### Aim of the task
Copy the data exactly from the line that contains "men's tennis player" through the line that contains "Three passion fruits", keeping both end lines and leaving out everything else.

**** Record excerpts

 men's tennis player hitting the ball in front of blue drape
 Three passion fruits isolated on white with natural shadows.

********
**** Record excerpts

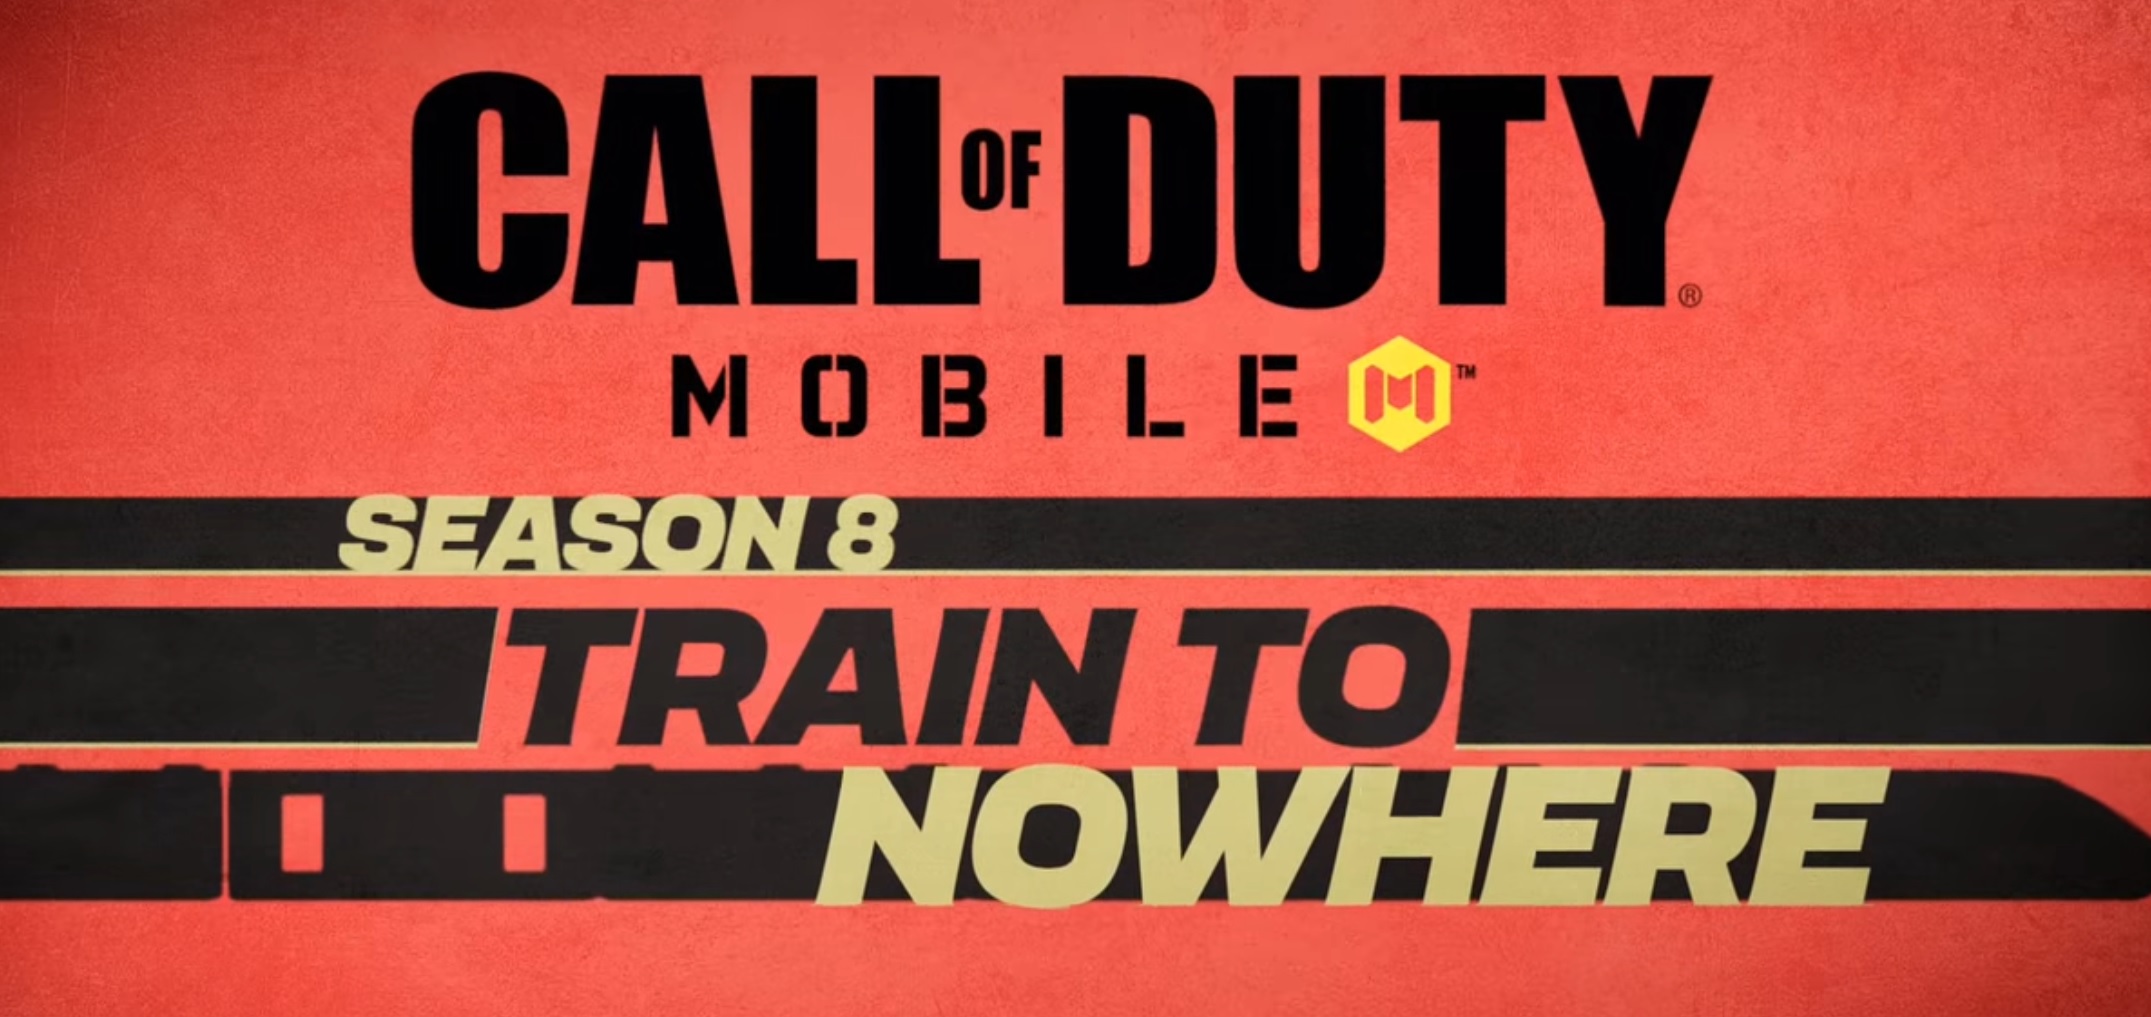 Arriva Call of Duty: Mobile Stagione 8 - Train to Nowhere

********

### Task result
 men's tennis player hitting the ball in front of blue drape
 Three passion fruits isolated on white with natural shadows.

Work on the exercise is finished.